If you’re reading this while still flush from a recent Peloton workout, good work you! Keep it up, pedal yourself silly. If you’re not a Pelatonian, in the real or figurative sense, come sit by me and we’ll be awkward flamingos together.

With love and butter cookies. – Leah

I Don’t Feel Bad About My Neck

While getting ready for work recently, I pinched the underside of my chin. I have no memory of why I did this, but what happened subsequently is branded in my brain: the skin hung there for a long moment before finally (grudgingly I think) returning my neck to it’s original form. I cannot unsee the Janet Reno-worthy wattle that hung there, will soon always hang there, as parts of my body continue to migrate south without so much as a courtesy note – ‘excuse the mess and unpleasantness while Leah morphs into a white-haired raisin with chin hair.’

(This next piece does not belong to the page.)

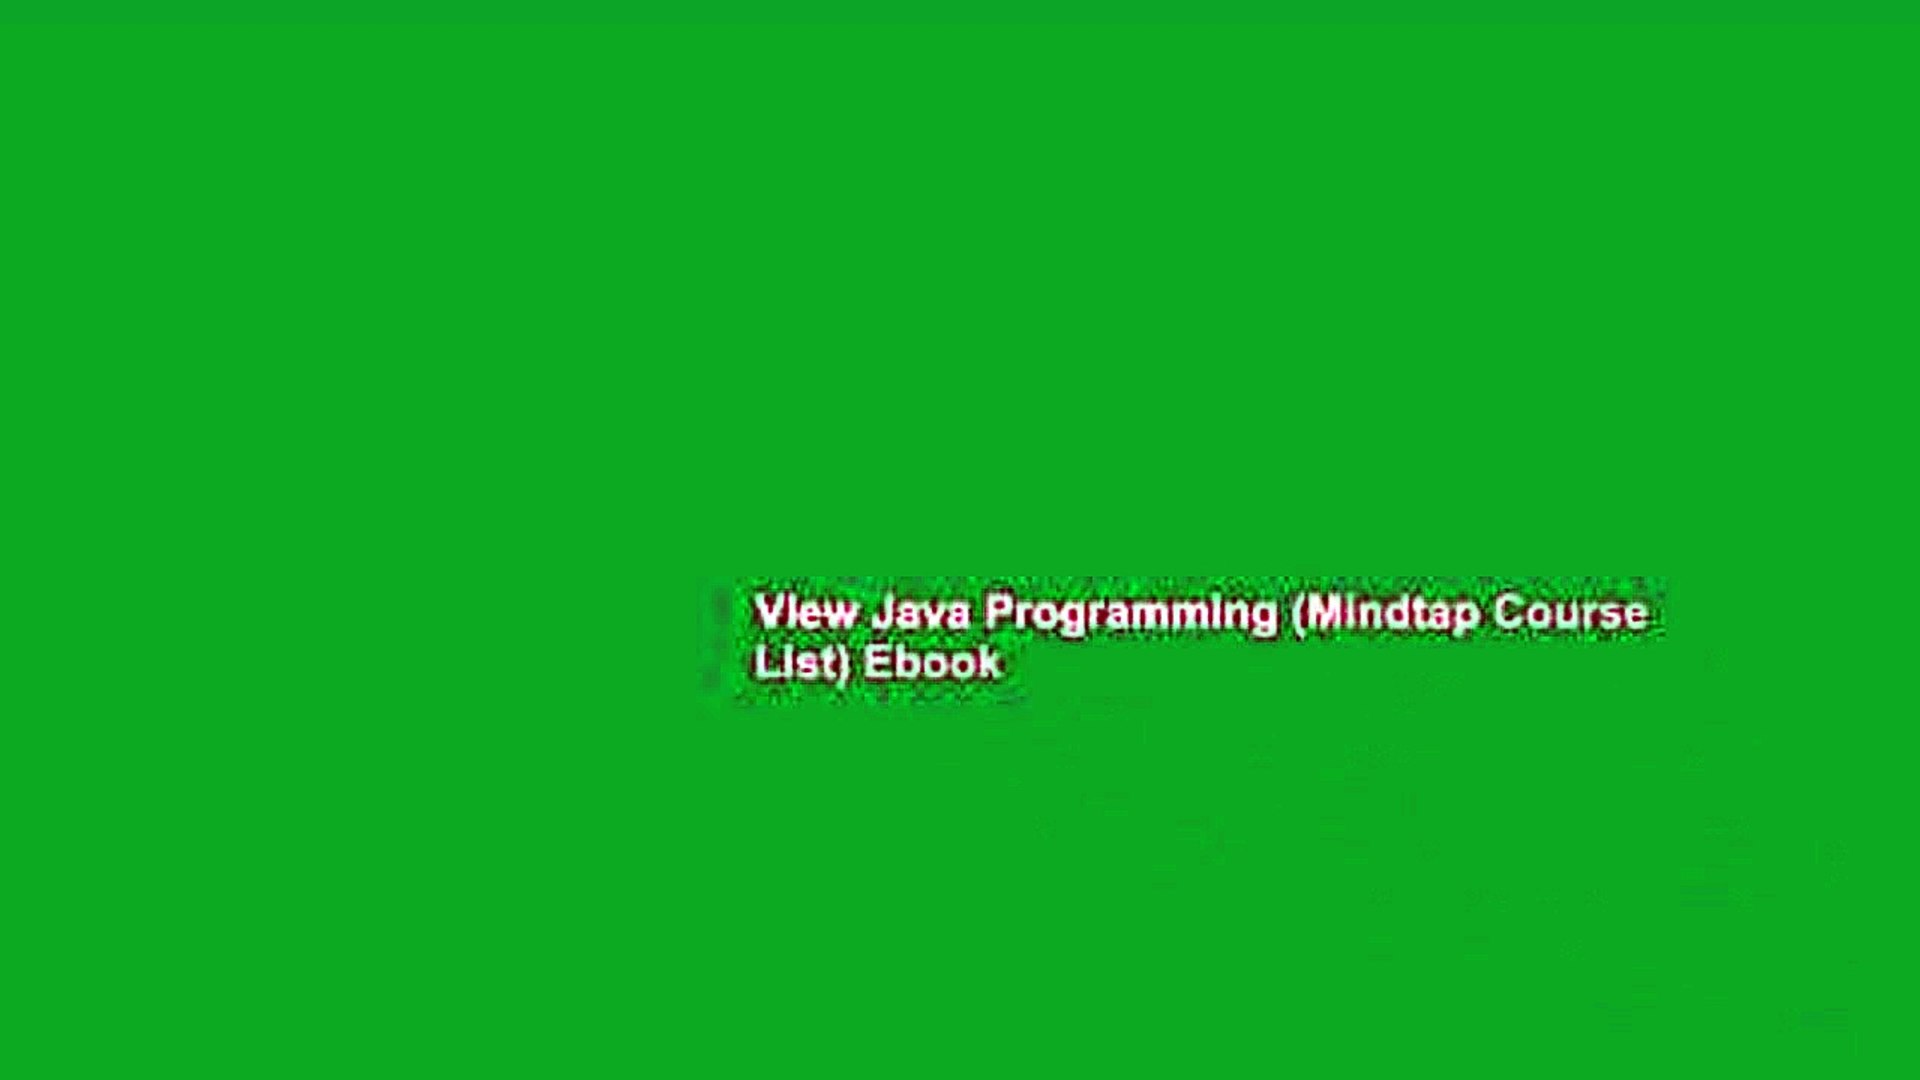 View Java Programming (Mindtap Course List) Ebook

I am sure the wattle can be explained by science or genetics or hormones or my refusal to pay more than ten dollars for a bottle of face cream, but maybe…

…the skin is stretched and saggy from all the single-mom years when I carried keys or my phone under my chin, my hands clutching the hands of my children, or groceries, or an ill-fated umbrella that will flip inside out at the first gust of wind. Or…

….it is slack from all the time I spent bending my head over a sleeping baby to smell the magic and promise of her scent. Or perhaps….

….it is the cumulative effect off all the times I’ve walked with my head down in shame or sorrow or shyness and then jerked it back up when my Dad’s admonition to never hang my head suddenly came to mind. Or….

….maybe it’s from craning my neck at the hospital to peer through the speck of glass not covered by the sign that says ‘no visitors beyond this point’ , hoping for a glimpse of my son who is in agony on the other side, because even in those moments I am certain that if he can just see me, or I him, we will be ok. Or…

….it could be from the myriad times I’ve thrown my head back in laughter, so blessed have I been with parents and friends and family who will wrestle humor out of the the most improbable sources. Or…

…it might be from craning my neck to eavesdrop on a group of good friends slinging trash-talk at each other in such a practiced way they can only be the kind of friends who have walked through joy and tragedy and fear together, the kind of friendships I long for but can’t quite bring myself to form. Or….

….possibly (and I hope this is it), it is from all the times I have bent my head in prayer and gratitude for the life I’ve been given and the people I’ve gotten to travel it with.

Unlike Nora Ephron, I will not feel bad about my neck. It is the field map of my life, each crevice representing a blessing or an overcoming or an act of love.